Most cases are usually asymptomatic and found incidentally on imaging for an unrelated cause. Occasionally, there can be symptoms such as shortness of breath, cough and/or pleuritic chest pain.
Most, if not all, such cases are favoured tp represent extranodal marginal zone B-cell lymphomas masquerading as reactive lesions.
There is usually dense nodular infiltration of mature, polyclonal lymphocytes and plasma cells with multiple reactive germinal centers. These are sharply demarcated from surrounding parenchyma and with central areas of scarring. Foci of organising pneumonia may be commonly seen in the periphery. There can also be mild, local lymphangitic spread of lymphocytes permeating into the perivascular interstitium.

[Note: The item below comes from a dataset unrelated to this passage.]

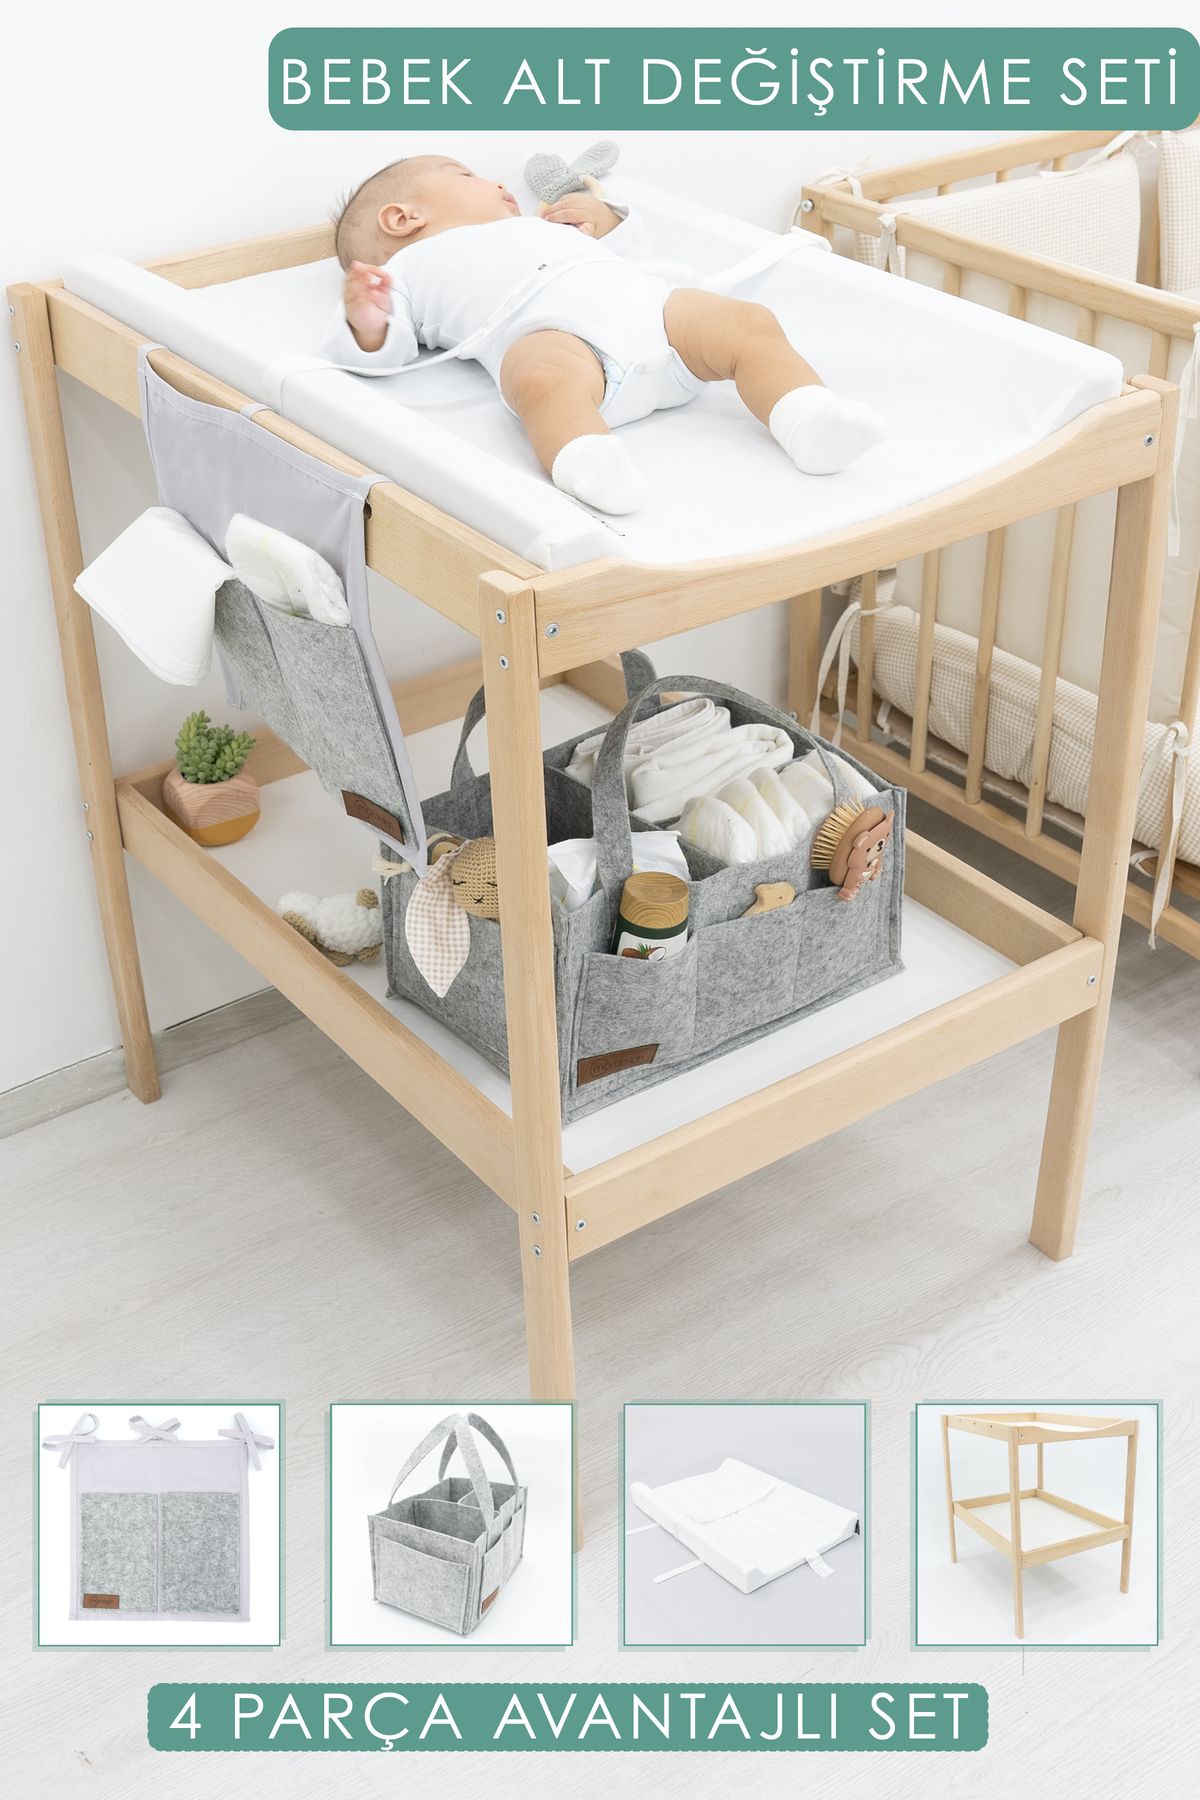 mordesign Bebek 4 Parça Set Bebek Alt Değiştirme Masası Ve Pedi, Bağlamalı Ve Sepet Keçe Organizer

Usually present as a solitary lesion. Described features on HRCT chest include 1:
- well-circumscribed nodular lesion: this can be a solitary pulmonary nodule or focal consolidation with an ~2 cm diameter
- coalescence of two or more nodules can rarely occur to form a discrete mass
- a very mild, focal lymphangitic pattern may be seen
History and etymology
It was initially described as pulmonary pseudolymphoma by S L Saltzstein in 1963 3. The term pulmonary nodular lymphoid hyperplasia was suggested by Kradin and Mark 6.
Imagin differential considerations include
pulmonary lymphoma (especially MALT lymphoma affecting lung)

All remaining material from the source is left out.